Percutaneous ablation of pathological changes in the liver is a challenge for contemporary interventional radiology, which is mainly due to the size and architecture of the organ. Furthermore, different types of pathological change in the liver are not clearly visible with the imaging modalities available, which include magnetic resonance imaging (MR), computed tomography (CT), and ultrasound (US), without the use of contrast, making their use difficult during procedures [4,5,6].

The main technology that responds to these challenges are image navigation systems that allow the working tip of the operating tool to be guided to the location of the lesion [6]. Classically, image navigation systems have used preoperatively acquired layered images to create a personalized model of the patient’s anatomy through the use of position tracking systems, which also determines the position of the surgical tool during the procedure [6]. Such an approach is sufficient for the treatment of rigid organs. However, navigation systems for parenchymal organs, which incorporate intraoperative images alongside the preoperative model of the patient’s anatomy, are still in development. Use of this approach will allow for increased accuracy of image navigation systems by visualizing local deformities during the procedure, in real time [7].

Techniques for modeling breathing movements can be categorized by the degree of invasiveness of the surgical techniques they are used alongside. Minimally invasive techniques include stereoscopic laparoscopic reconstruction of point displacements on the surface of the liver. Meanwhile, non-invasive techniques include observation of breathing based on external markers placed on the surface of the abdominal cavity and recording of the abdominal surface during breathing. Selected studies on the most common invasive and non-invasive methods of respiratory movement modeling are discussed below.

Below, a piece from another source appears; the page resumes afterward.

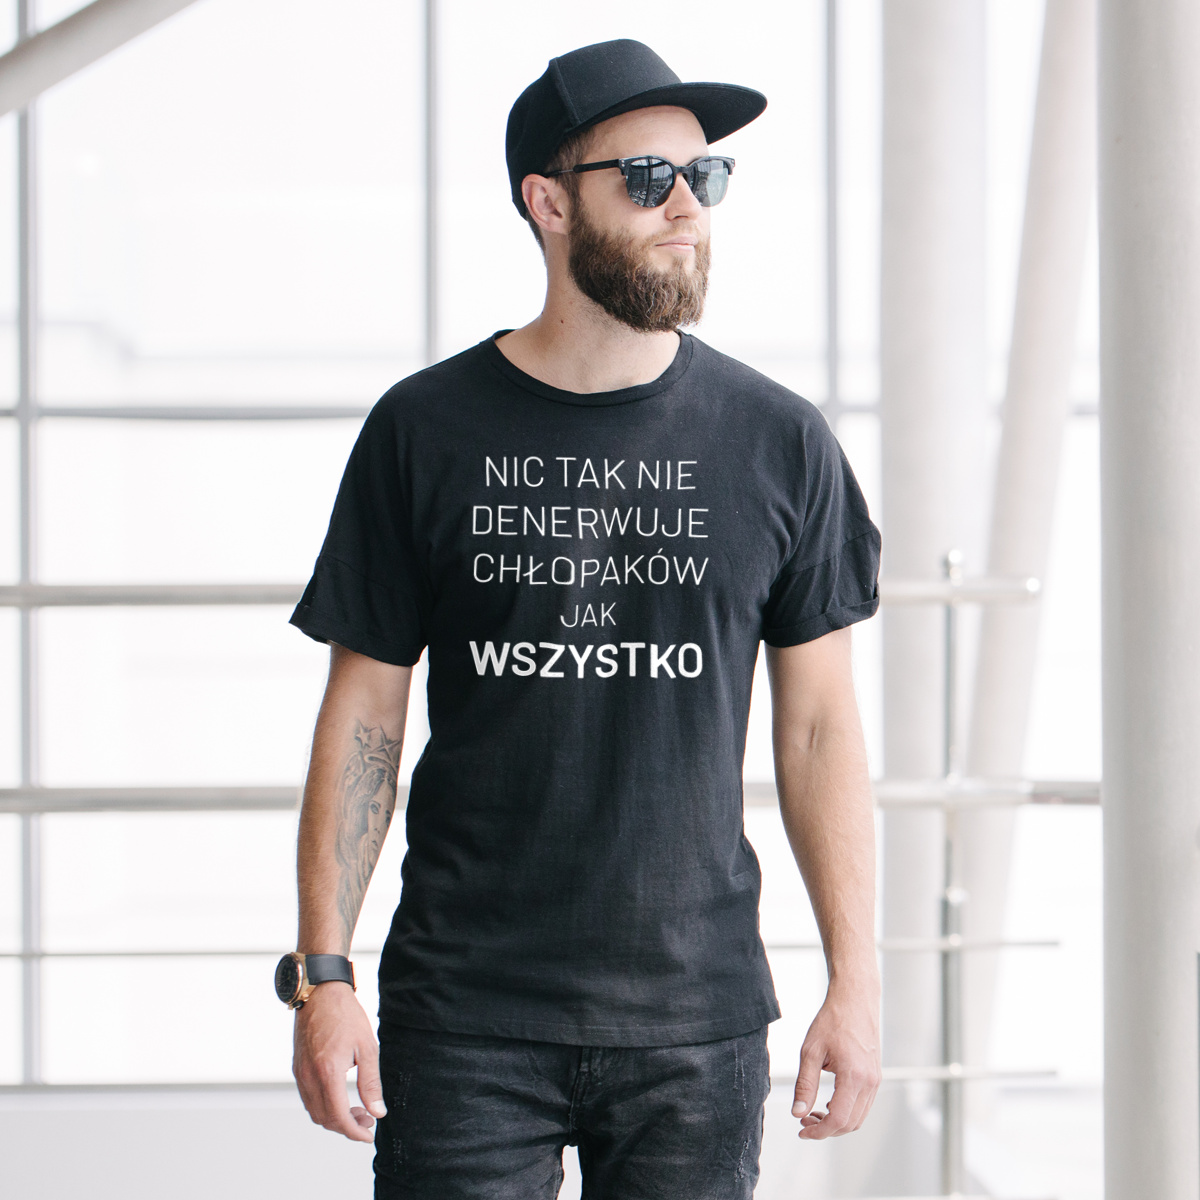 Nic Tak Nie Denerwuje Chłopaków Jak Wszystko - Męska Koszulka Czarna

Measurement of respiratory movements is also used in invasive methods that utilize laparoscopic images, and non-invasive methods that record the displacement of skin markers during the procedure. The aim of this study is to compare the invasive and non-invasive techniques used for the measurement of respiratory movements. The article discusses the theoretical basis, the proposed experiments, the results obtained, and the possibility of using these techniques to support the minimally invasive destruction of focal lesions in the liver.

2. Materials and Methods

2.1. Minimally Invasive Methods of Measuring Respiratory Movements of the Liver

Laparoscopic Stereoscopic Reconstruction of Point Displacements on the Surface of the Liver

In current state-of-the-art technology, a classic laparoscopic camera is monocular and closed in a rigid housing. There are depth reconstruction algorithms for single-monocular cameras, but due to the lack of characteristic points and the wrapping of the liver surface during respiratory movement, these techniques are very difficult to implement. This solution to this is general in nature as it works for any patient for any section of the liver surface observed by the laparoscopic camera through the trocar being placed in different positions.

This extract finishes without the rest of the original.